Yani vicdanlarınızın derinliklerine inerek kendini iyice yoklayınız tartınız bakayım böyle mühlik derd-û felaket karsısında bulunduğunuz veya içine düştüğünüz elim ve müthiş bir zamanda nasıl bir haleti ruhiye içinde bulunursu­nuz. Bütün ümitleriniz silinir ye’si külliye mi dü­şersiniz yoksa henüz canınız çıkmadıkça yine bir ümidi halas besler derinden derine bir münciye iltica hissi ile inler misiniz? Eğer inlerse­niz o zaman samimi kalbinizden kime iltica eder, kime yakınır, kime çağırırsınız. Allah’a mı? yok­sa Allah’tan başka mabud tanıdığınız putlarını­za mı? Eğer siz sadık iseniz, hakikatte Allah’tan başka ilahlar vardır iddiasında yalancı değil ise­niz söyleyiniz öyle bir zamanda Allah’tan baş­kasından ümit bekler başkasına dua ve niyaz eder misiniz?

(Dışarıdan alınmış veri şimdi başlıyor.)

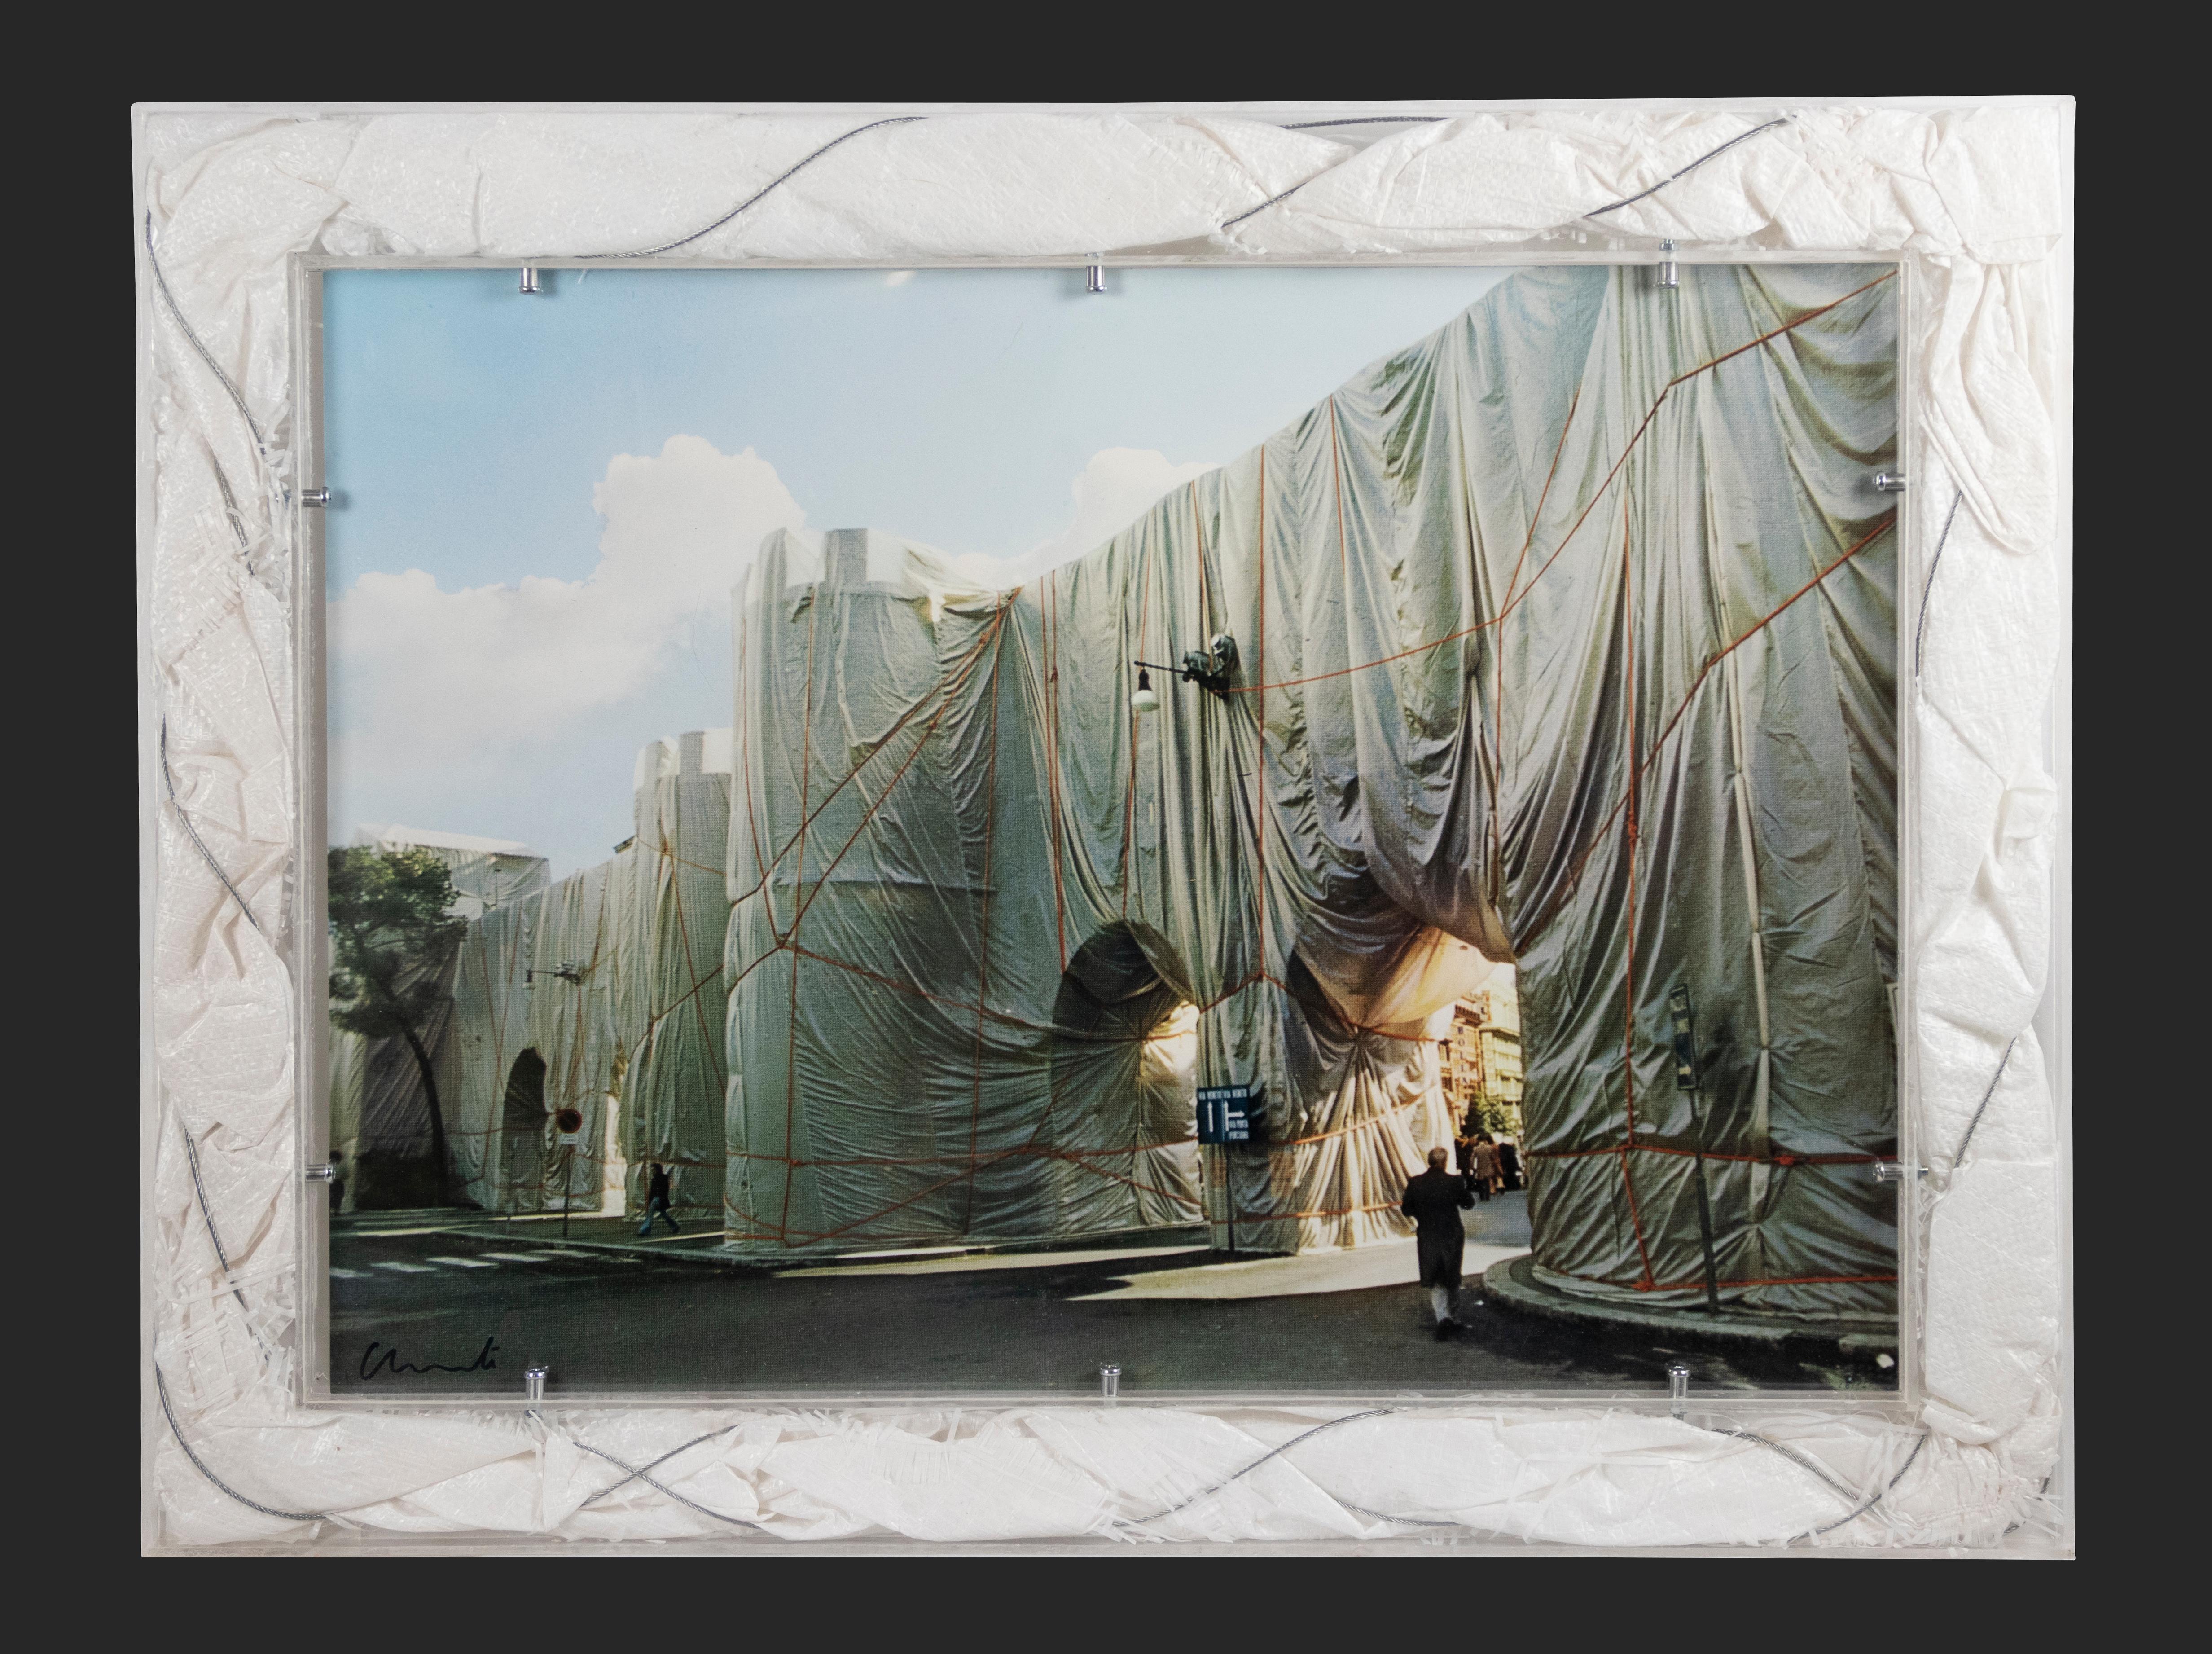 The Wall - Wrapped Roman Wall by Christo - 1974

Doğrusu yalnız ona dua edersiniz de diler­se O feryada geldiğiniz belayı üzerinizden kaldırır ve o lahza siz o şirk koştuklarınızın hep­sini unutursunuz. Celalim Hakkı için senden ön­ce bir takım ümmetlere Resuller gönderdik din­lemediler de onları şiddetler ve zaruretlerle sık­tık gerek ki yalvarsınlar diye (Enam : 40-41)
(Hak Dini Kur’ân Dili, C. 3, Sh.: 1927)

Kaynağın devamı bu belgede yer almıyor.